Distributed Training Architecture
Scaling training from 1 GPU to 100s of GPUs — theory, implementation, and tradeoffs.
Why Distributed Training?
| Constraint | Solution |
|---|---|
| Model doesn't fit in 1 GPU | Model parallelism, FSDP |
| Training too slow | Data parallelism (DDP) |
| Both | Hybrid parallelism (3D parallelism) |
Data Parallelism — DDP
Concept: Each GPU holds a full copy of the model. Each step:
- Split the mini-batch across N GPUs (each sees batch_size/N samples)

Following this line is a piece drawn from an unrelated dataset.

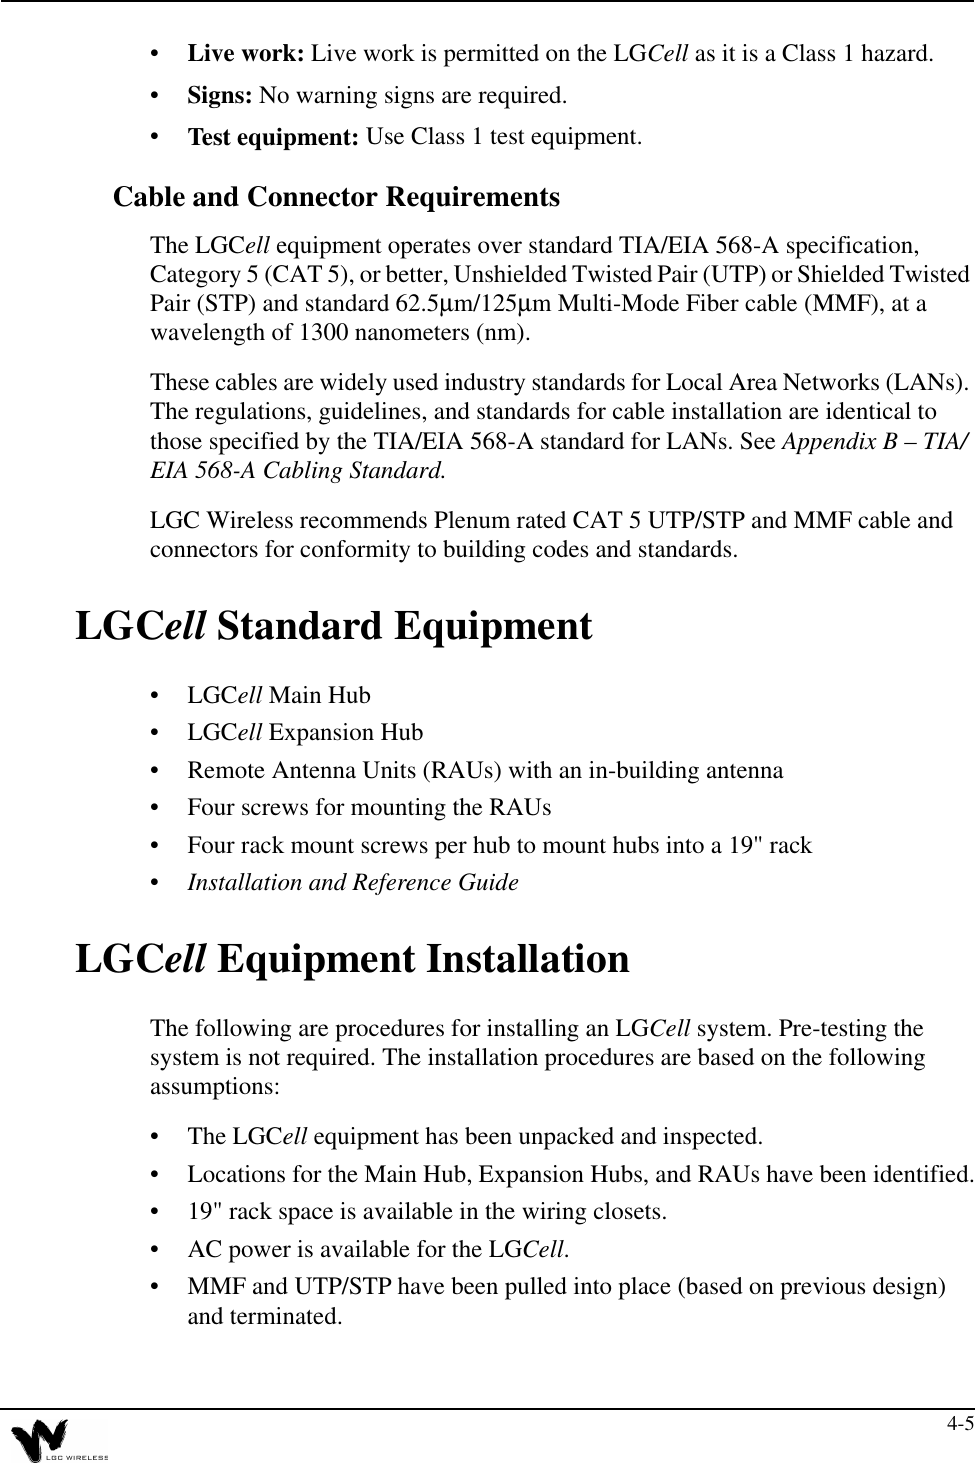 4-5•Live work: Live work is permitted on the LGCell as it is a Class 1 hazard.•Signs: No warning signs are required.•Test equipment: Use Class 1 test equipment.Cable and Connector RequirementsThe LGCell equipment operates over standard TIA/EIA 568-A specification, Category 5 (CAT 5), or better, Unshielded Twisted Pair (UTP) or Shielded Twisted Pair (STP) and standard 62.5µm/125µm Multi-Mode Fiber cable (MMF), at a wavelength of 1300 nanometers (nm). These cables are widely used industry standards for Local Area Networks (LANs). The regulations, guidelines, and standards for cable installation are identical to those specified by the TIA/EIA 568-A standard for LANs. See Appendix B – TIA/EIA 568-A Cabling Standard.LGC Wireless recommends Plenum rated CAT 5 UTP/STP and MMF cable and connectors for conformity to building codes and standards.LGCell Standard Equipment•LGCell Main Hub•LGCell Expansion Hub•Remote Antenna Units (RAUs) with an in-building antenna•Four screws for mounting the RAUs•Four rack mount screws per hub to mount hubs into a 19&quot; rack•Installation and Reference GuideLGCell Equipment InstallationThe following are procedures for installing an LGCell system. Pre-testing the system is not required. The installation procedures are based on the following assumptions:•The LGCell equipment has been unpacked and inspected.•Locations for the Main Hub, Expansion Hubs, and RAUs have been identified.•19&quot; rack space is available in the wiring closets.•AC power is available for the LGCell.•MMF and UTP/STP have been pulled into place (based on previous design) and terminated.

- Each GPU computes forward + backward independently
- AllReduce gradients across all GPUs (ring-allreduce via NCCL)
- All GPUs update identically → models stay in sync
Key property: DDP is mathematically equivalent to training with a global batch size of N × batch_size_per_gpu. This is why you scale the learning rate: lr = base_lr × N (linear scaling rule, Goyal et al.).
# Launch: torchrun --nproc_per_node=8 train.py
import torch
import torch.distributed as dist
from torch.nn.parallel import DistributedDataParallel as DDP
def main():
dist.init_process_group("nccl") # NCCL for GPU-GPU, gloo for CPU
rank = dist.get_rank() # This process's GPU index (0-7)
local_rank = rank % torch.cuda.device_count()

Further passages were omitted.